Garrett-Arndt said she consulted an attorney about taking to TikTok to tell the shelter’s story, and the attorney warned her that doing so could provoke an even stronger reaction from Mitchell, who has an enormous megaphone.
She said she doesn’t want to anger Mitchell for fear of what the influencer could do in the future, but believes the whole saga was manufactured for the benefit of the influencer’s TikTok account and followers.
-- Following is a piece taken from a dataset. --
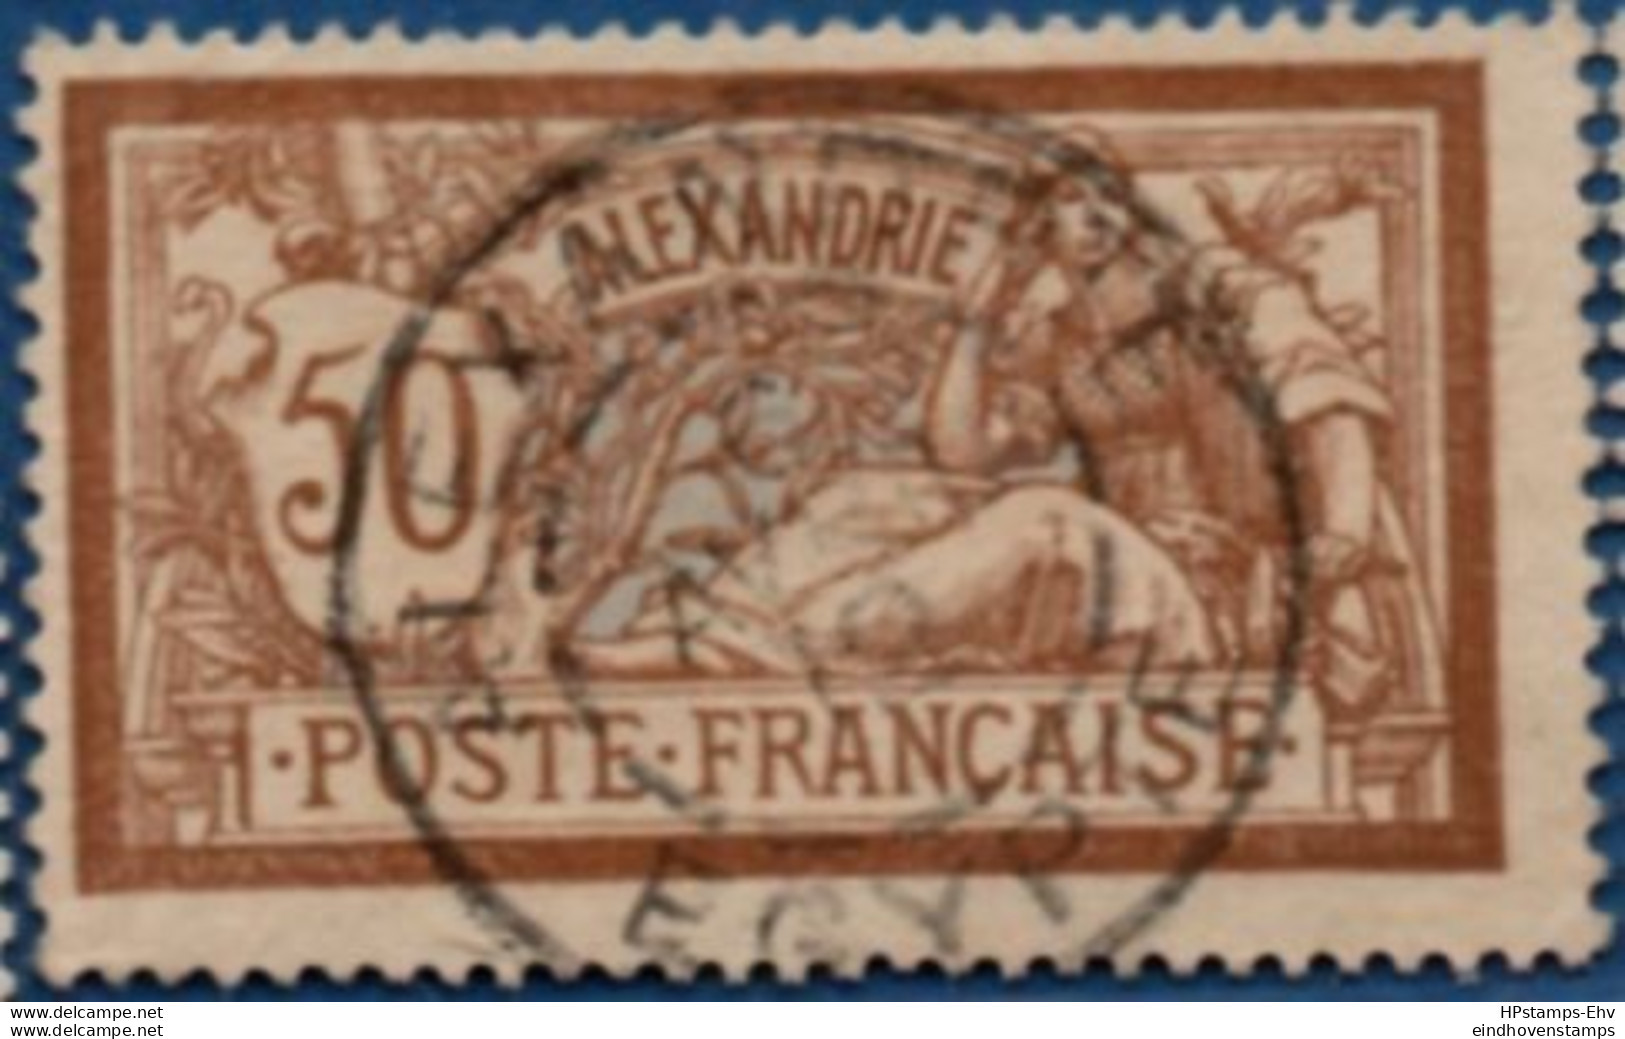 Alexandrie, 1902 50 C  Cancelled 1 Stamp 2104.1237 - Oblitérés

When the story blew up, she ran with it and wouldn’t return calls from the shelter in an attempt to fix the situation.
“She needed content, so it’s like ‘Let’s go get a cat,’ and then it got out of hand,” Garrett-Arndt said. “She has three million followers, but we have to stand our ground. The truth will come out.”
In the meantime, Mitchell — perhaps with an eye toward creating more viral content — says she’s getting a DNA test for Heart and has threatened to contact the other adopters who took home cats from the same two litters.
“Five other people paid the $900 adoption fee and not one of those people had an issue with it,” Garrett-Arndt said of adopters who took home the other kittens from the sickly litters.
The offer of a refund still stands, and staff at the Noah Project hope there’s an end to the madness.
“Why wouldn’t she come back to us? We’ll refund her,” Garrett-Arndt told PITB. “If you’re that unhappy about the $900, bring the cat back. Adopt another cat so we don’t have to [deal with] this and we don’t get dragged through the mud.”